# NBC Sports gone?



## SamC (Jan 20, 2003)

NBC Sports, CH 205 has been replaced with just a generic "SXM Sports" logo and redirected to the channel where the guy reads the upcoming live games schedule. First thought it was just for the weekend, as many channels go down to clear space for live sports, but it continues today. 

Apparently dropped?


----------



## trh (Nov 3, 2007)

SamC said:


> NBC Sports, CH 205 has been replaced with just a generic "SXM Sports" logo and redirected to the channel where the guy reads the upcoming live games schedule. First thought it was just for the weekend, as many channels go down to clear space for live sports, but it continues today.
> 
> Apparently dropped?


Edit: My bad. Totally missed the forum this was in.


----------



## James Long (Apr 17, 2003)

The SiriusXM website still has NBC Sports listed as channel 205 (SiriusXM satellite service, not DIRECTV service).
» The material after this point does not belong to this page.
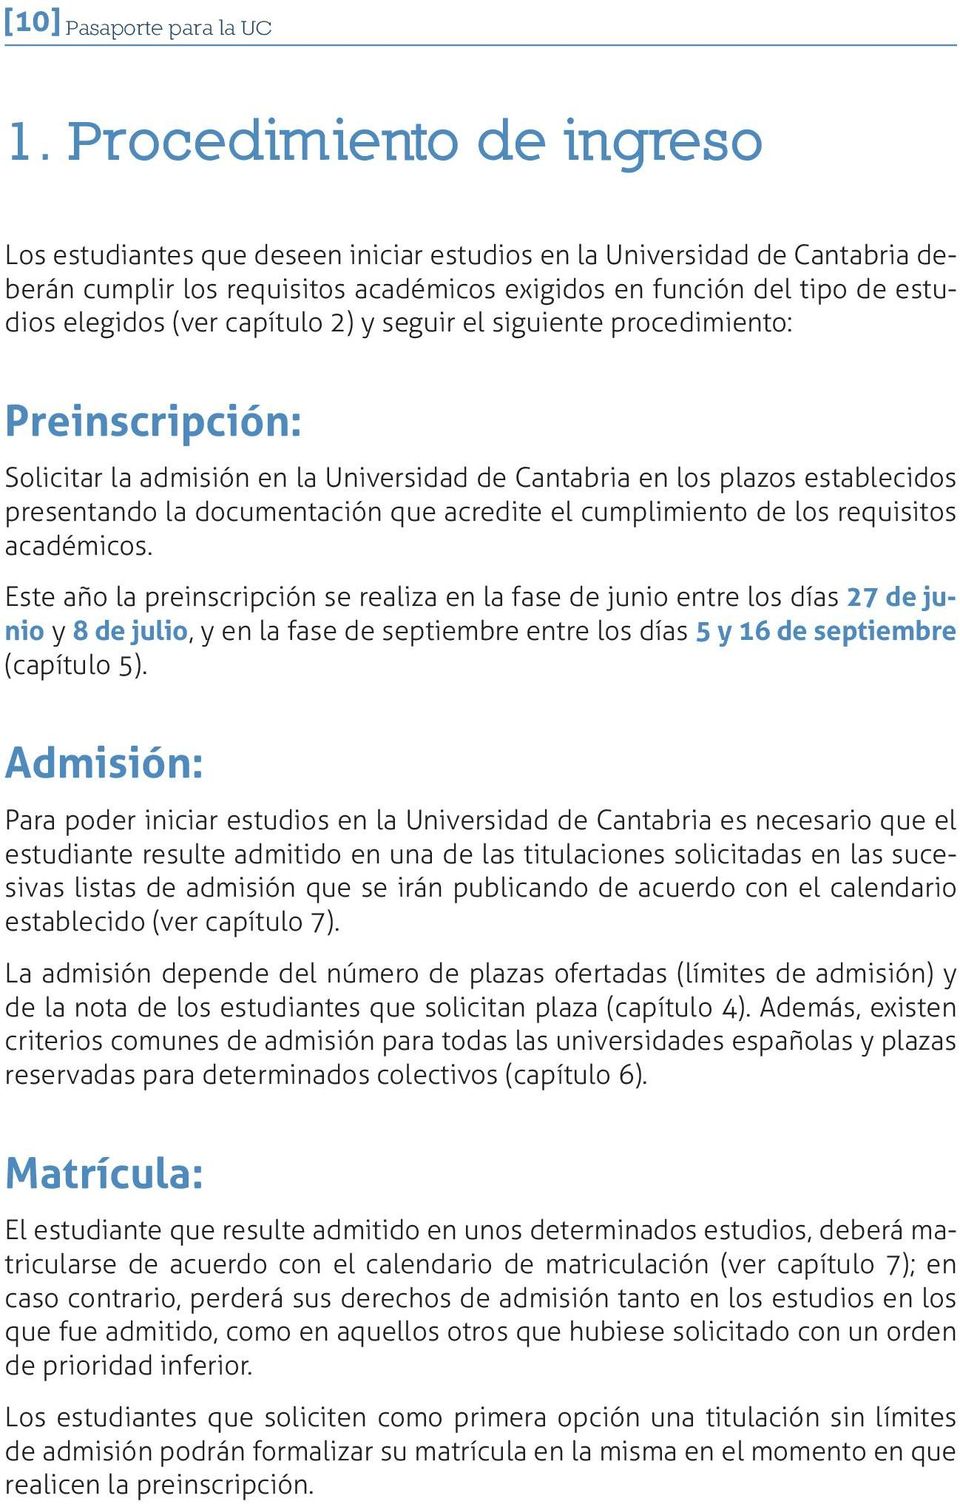 capítulo 2) y seguir el siguiente procedimiento: Preinscripción: Solicitar la admisión en la Universidad de Cantabria en los plazos establecidos presentando la documentación que acredite el

I'm not near my radio, so I can't check to see what I am receiving.


----------



## KyL416 (Nov 11, 2005)

It still has it listed, but the https://www.siriusxm.com/nbcsportsradio URL that the lineup links to is now dead, and if you go to the program guide and scroll down to 205 the schedule just has an all day block titled "SiriusXM" instead of the NBC Sports Radio schedule.

EDIT: They now updated the lineup on their website and removed 205 entirely


----------



## SamC (Jan 20, 2003)

Finally got a reply (clearly written by a person for whom English is not his/her first language) from SXM. NBC Sports has been dropped and will not return. 

It was very NFL centric, and there is already a full time NFL Channel, and it had almost nothing to do with the TV NBC at all, but still losing a channel is a bad thing.


----------